**EXTRACTED RECORDS:**
☆ ☆ ☆ ☆ ☆

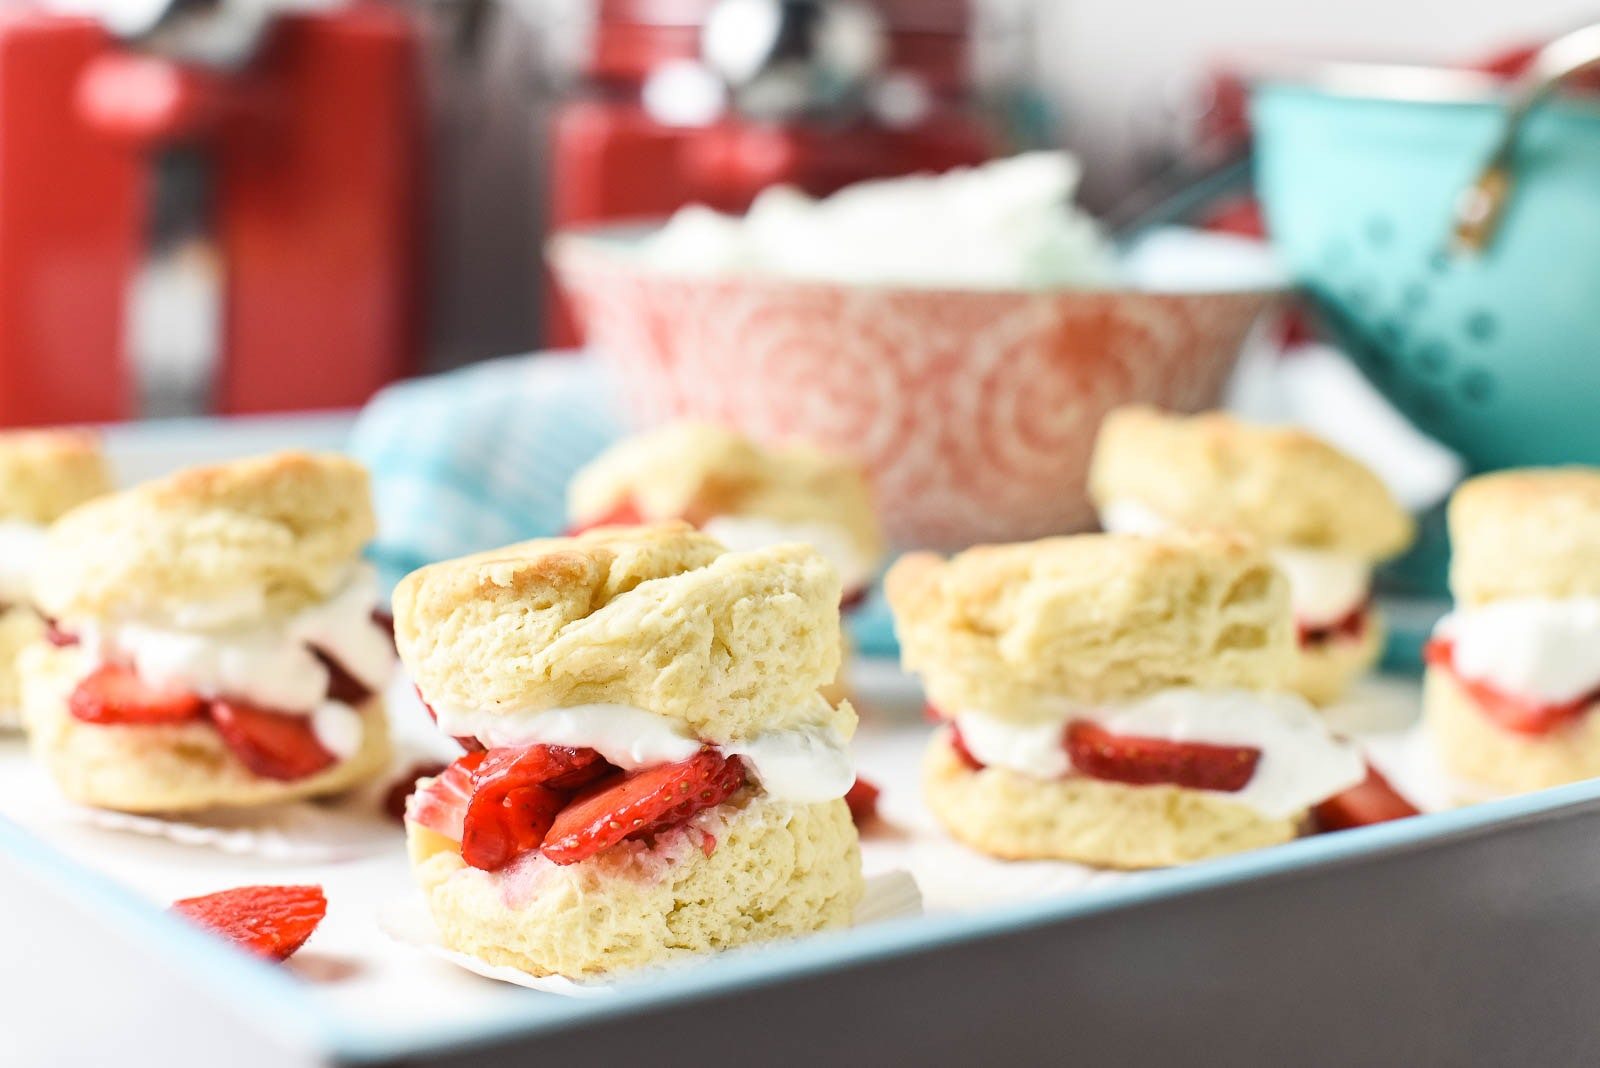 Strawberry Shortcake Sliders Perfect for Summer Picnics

☆ ☆ ☆ ☆ ☆

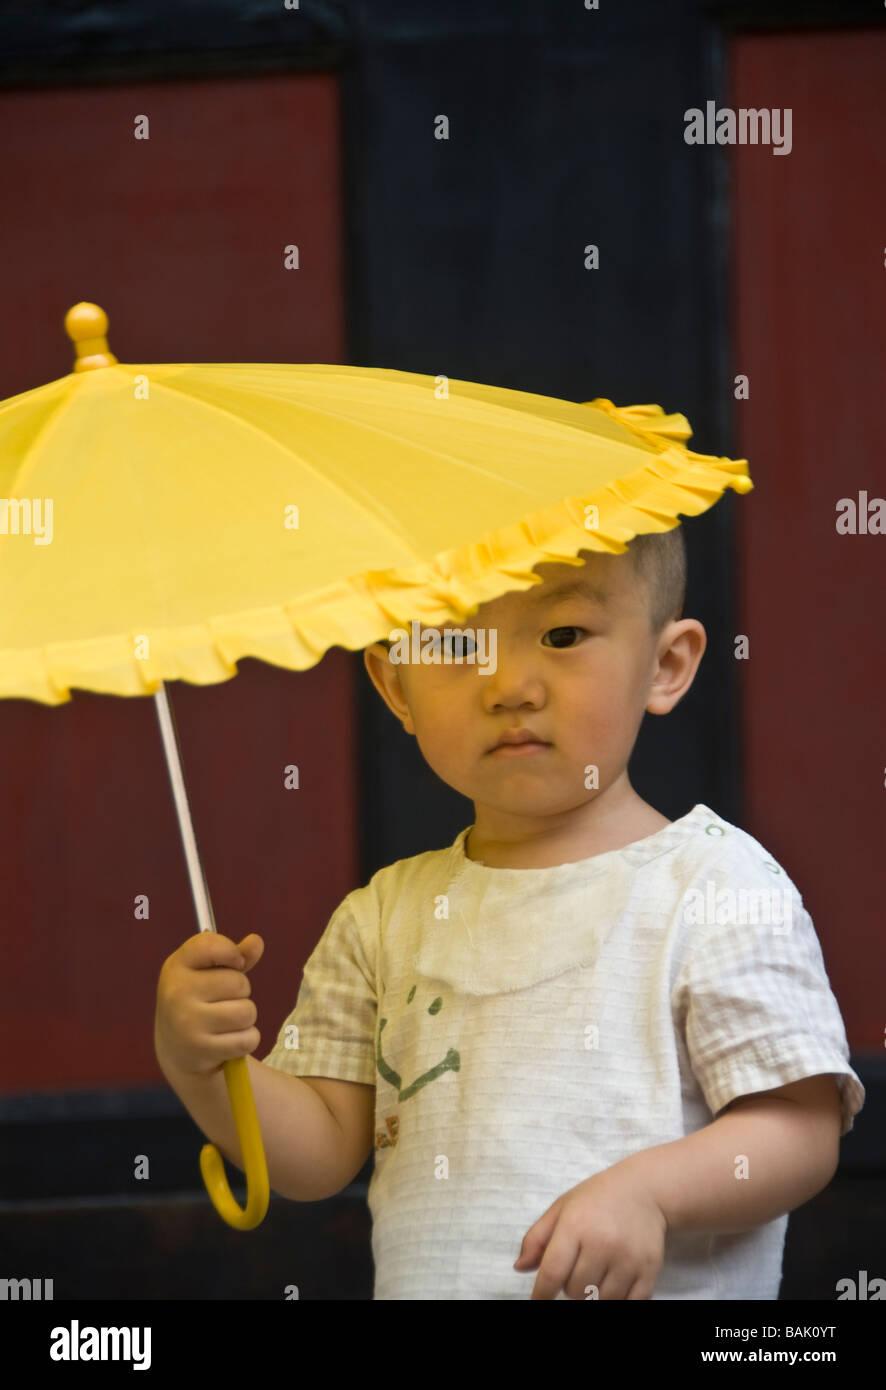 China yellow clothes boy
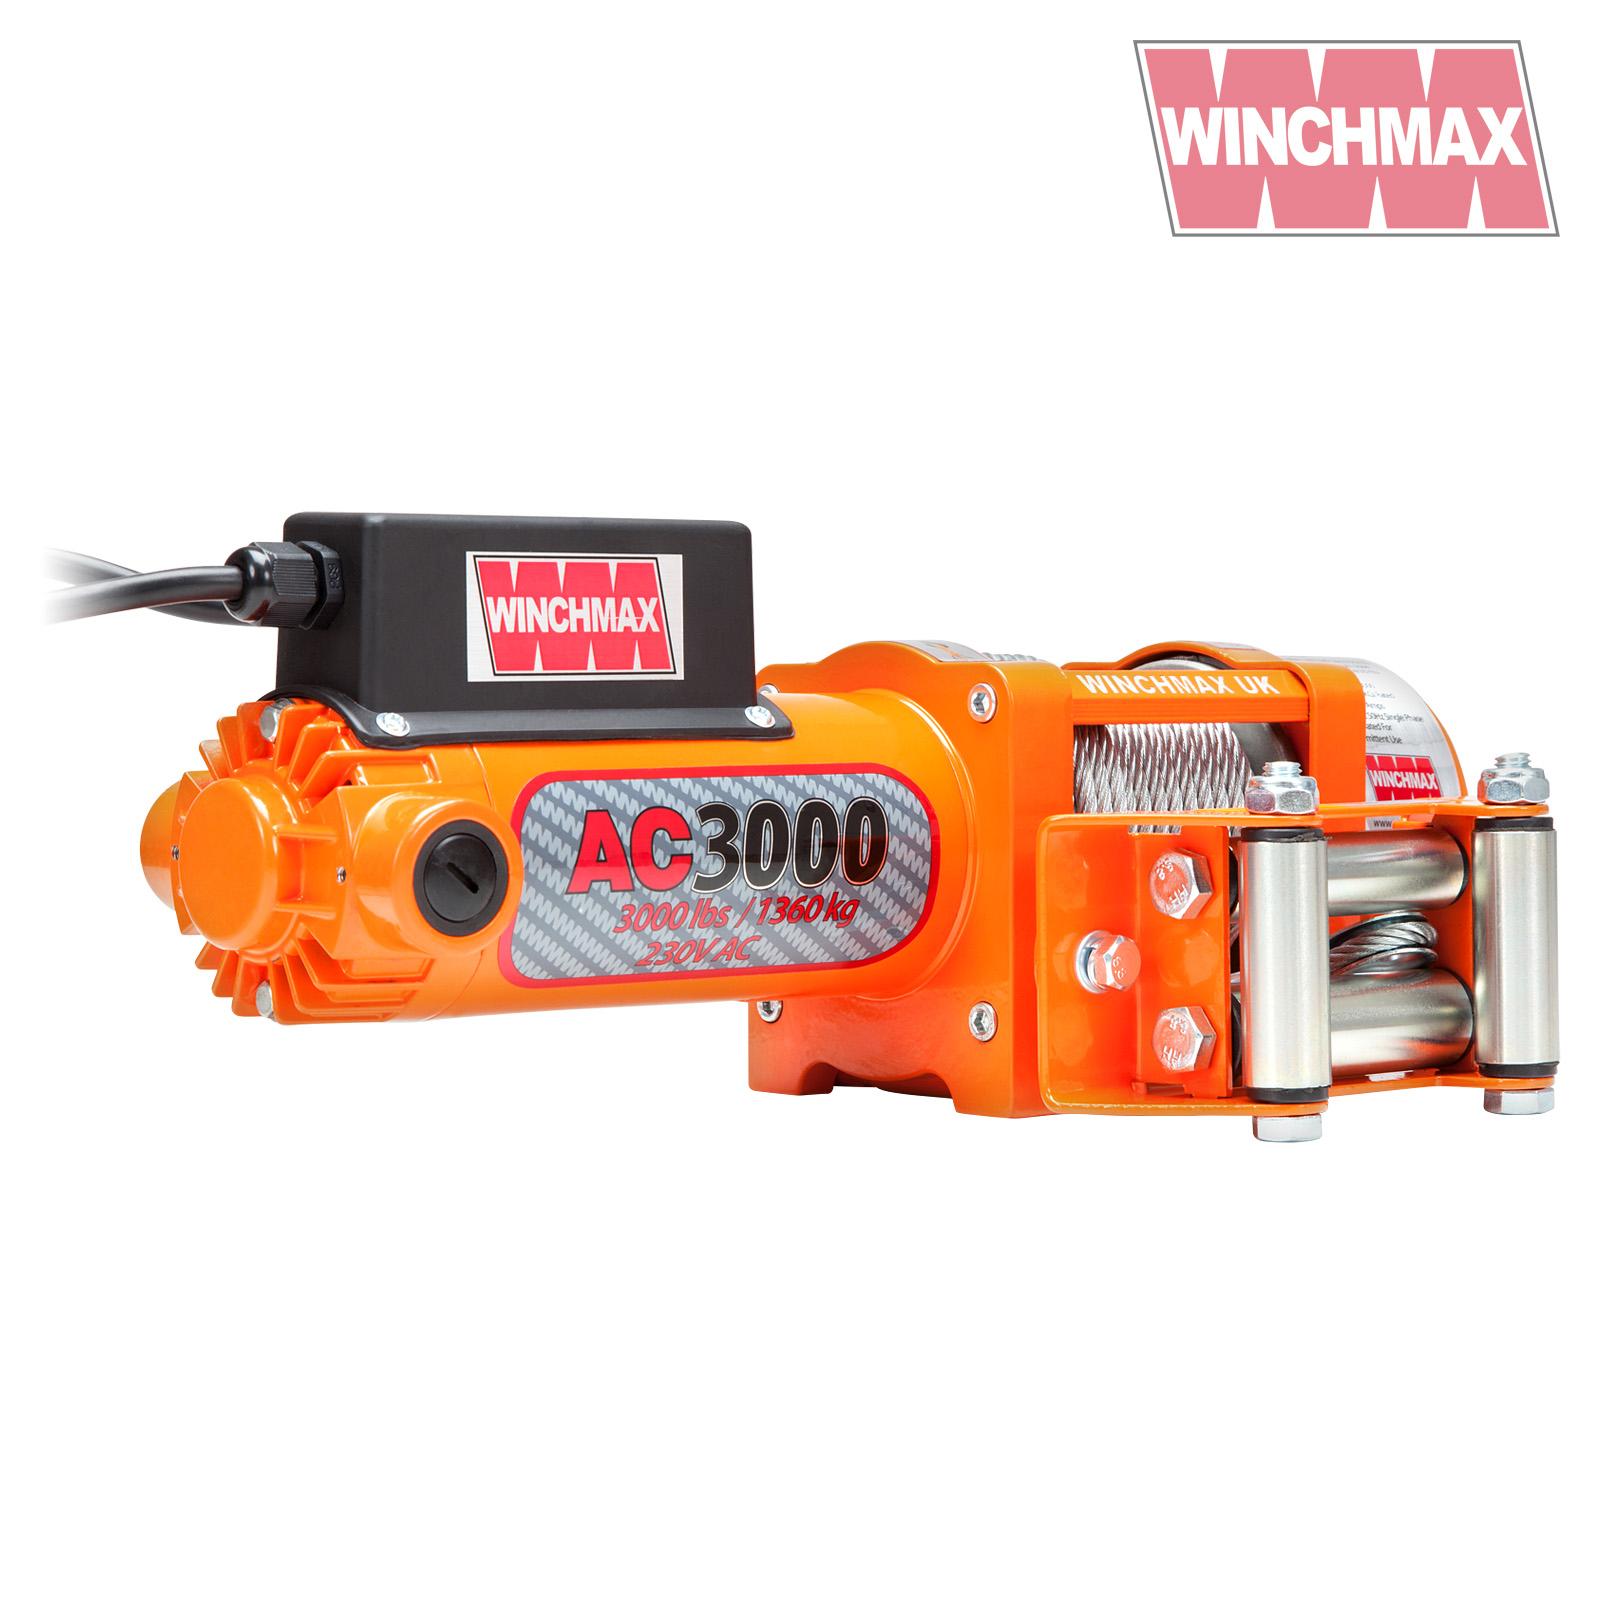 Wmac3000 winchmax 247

☆ ☆ ☆ ☆ ☆

**TASK PROMPT:**
Leaving all pictures out, output exactly the lines of the material above from the line with "China yellow clothes boy" to the line with "Wmac3000 winchmax 247", both included.

**RESPONSE:**
 China yellow clothes boy
 Wmac3000 winchmax 247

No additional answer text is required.